I used Maple to calculate the terms, substituting in a truncated series, and found that the linear relation one gets
for c_2,c_3,... includes all the coefficients up to the point of truncation; this suggests that for the full series
there should be an infinite linear combination of all these coefficients, but I have not tried to find a non-trivial solution.
The simple solution is to just set c_2=c_3=...=0, leaving the equation c_1-c_1^2=0, so the only solution
(apart from a(t)=0) that arises this way is a(t)=t, with c_1=1.
Even if there are other solutions of the functional equation, then it is not clear that they would give an integer sequence for integer
values of t.
All the best,
Andy
________________________________________
From: seqfan-bounces at list.seqfan.eu [seqfan-bounces at list.seqfan.eu] On Behalf Of Alex M [timeroot.alex at gmail.com]
Sent: 20 August 2010 23:38
To: Sequence Fanatics Discussion list
Subject: [seqfan] a(n-1+a(n))=a(n)+a(n-1)
Recently, I was considering a rather strange recursive function:
a(t-1+a(t))=a(t)+a(t-1), a(1)=1
If we also say that a(2)=2, then we quickly get a simple linear function, so
I took
a(2)=3.
Now, not all terms are defined from the recursion; we'll take the smallest
positive integer term that lead to no contradictions.

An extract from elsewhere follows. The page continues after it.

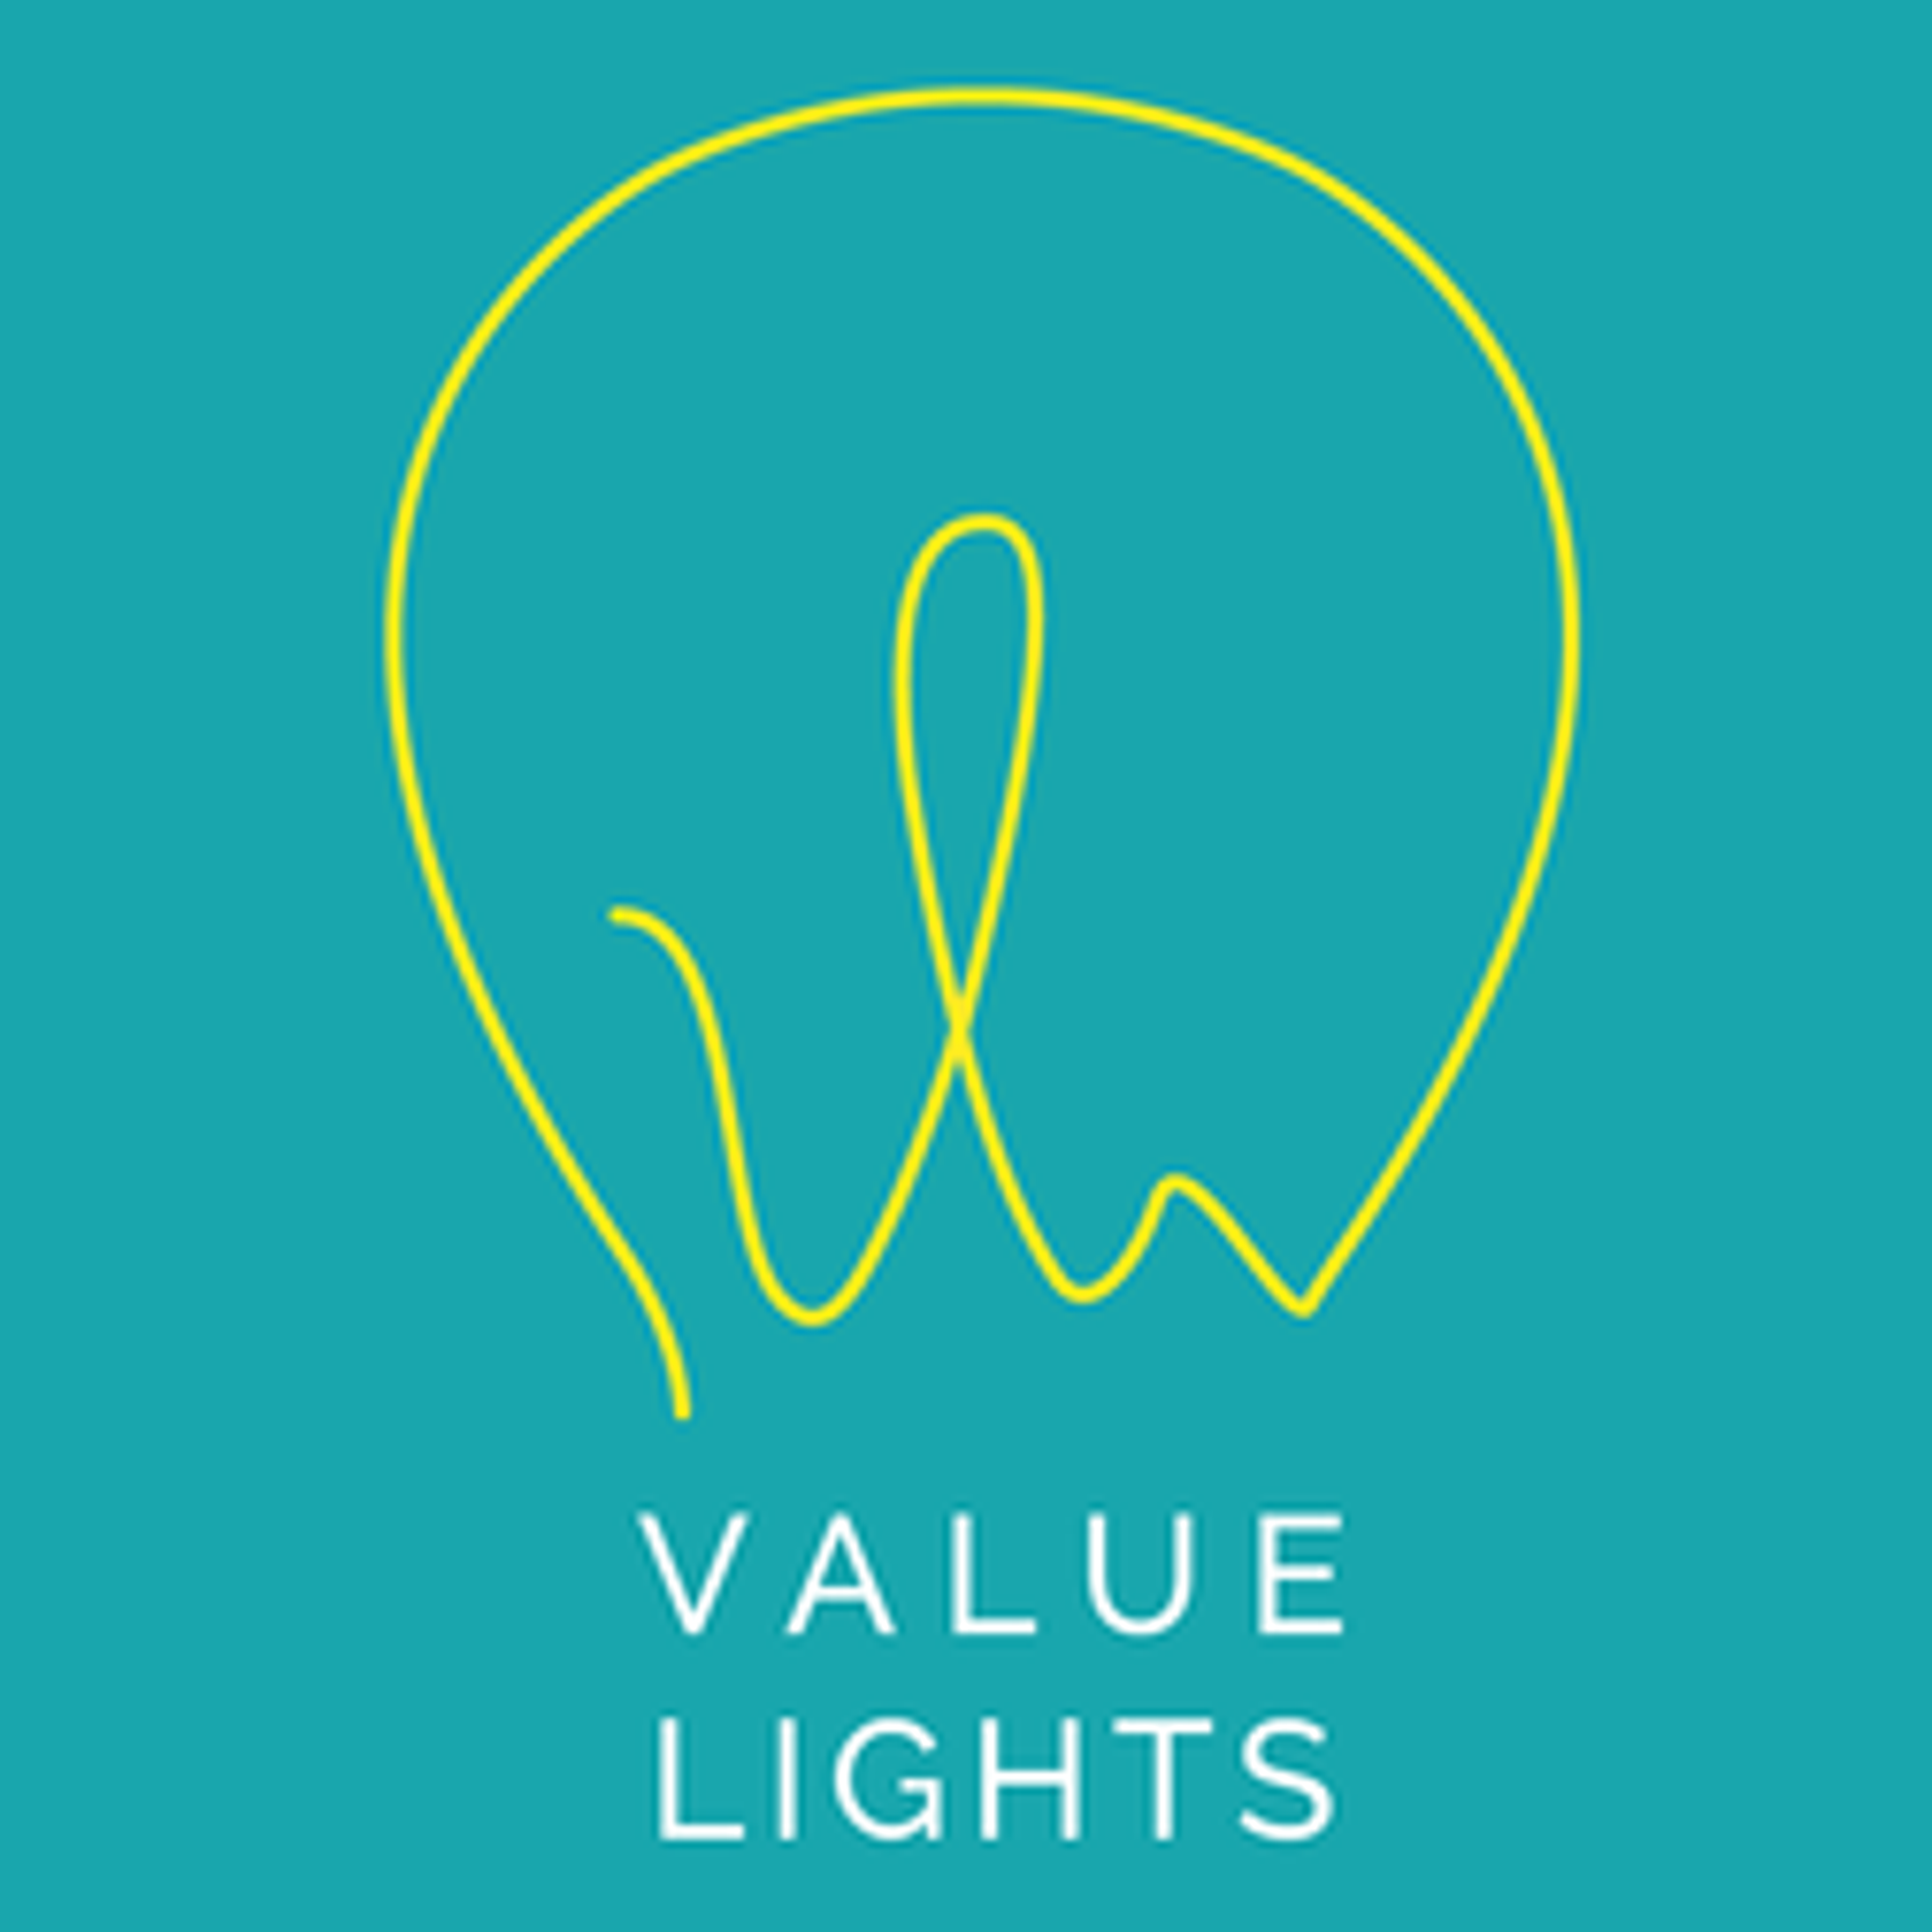  Value Lights 
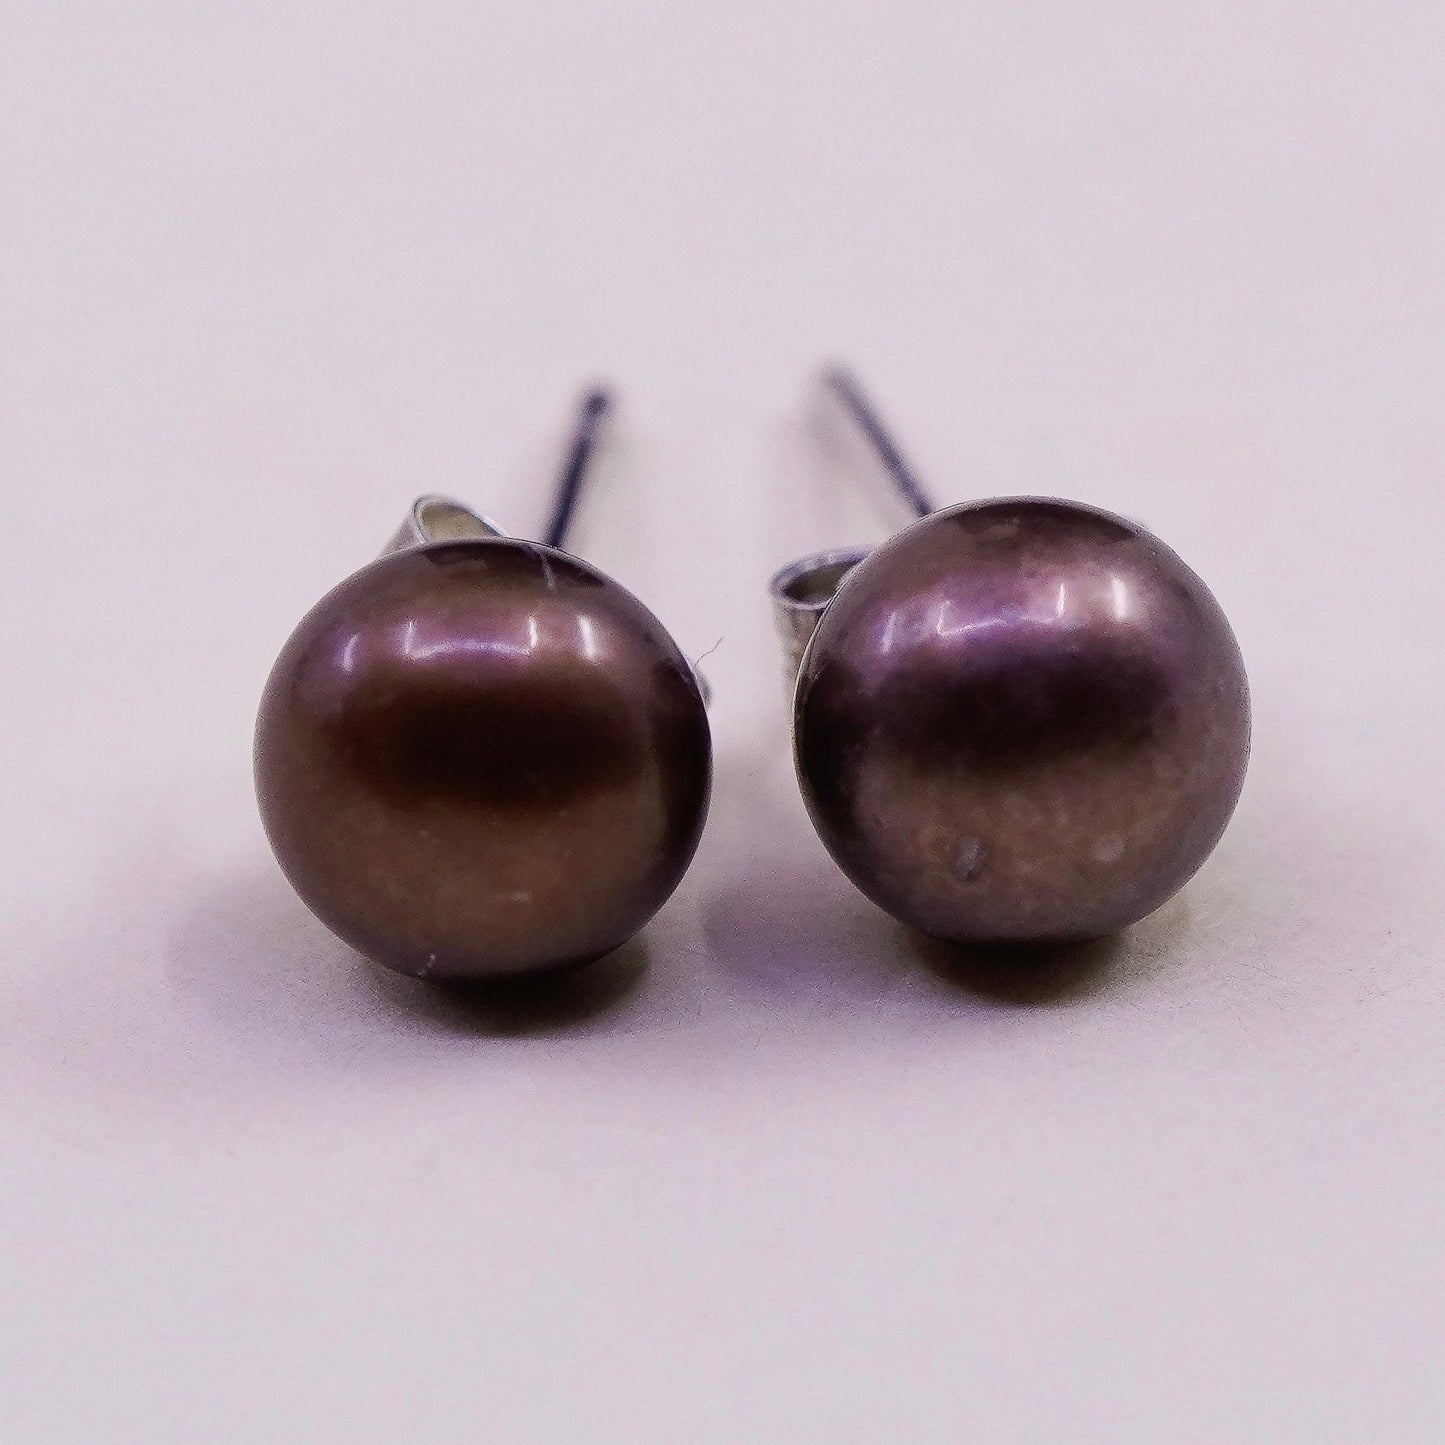 Vintage sterling silver earrings, 925 studs with brown pearl

For example:
a(1)=1
a(2)=3
Therefore a(4)=4 if we plug t=2 into the above recursive equation. Next, we
must figure out a(3). a(3) cannot equal 1, because (taking t=3) it would
imply a(3)=a(3)+a(2) -> 1=1+3. a(3) also cannot equal 2, because (taking
t=3, again) would imply a(2+a(3))=a(3)+a(2) -> a(4)=2+3 -> a(4)=5. But we
already know that a(4) *must* equal 4. But, if we choose a(3)=3, then we
will have no contradictions.
I've started to compute this sequence, and it's rather confusing at times. I
must really check my work, but I get the sequence:
1,3,3,4,6,3,7,9,3,10,12,12,10,2,12,16,2,18,13,5
where a(20)=5. As an example of some the interesting problems that arise:
let us say a(12)=3. This produces no clear contradictions; Taking t=12 gives
us a(11+3)=a(12)+a(11) -> a(14)=3+12=15. a(14) is not determined by any
other recurrence relations. It is only much later, when computing a(22), do
we realize that taking t=11 gives a(10+a(11))=a(11)+a(10) ->a(22)=22, but at
the same time taking t=13 gives a(12+a(13))=a(13)+a(12) -> a(22)=13, which
is contradiction! a(13), a(10), and a(11) are determined previously, so we
know that a(12) must be 12 in order to avoid contradictions; then we have to
go back an change anything we've found in the meantime.
This sequence generally seems to grow linearly, which makes sense
considering that the initial conditions a(1)=1 a(2)=2 is satisfied exactly
by a(x)=x, although this solution isn't unique.
Comments?
~6 out of 5 statisticians say that the number of statistics that either make
no sense or use ridiculous timescales at all has dropped over 164% in the
last 5.62474396842 years.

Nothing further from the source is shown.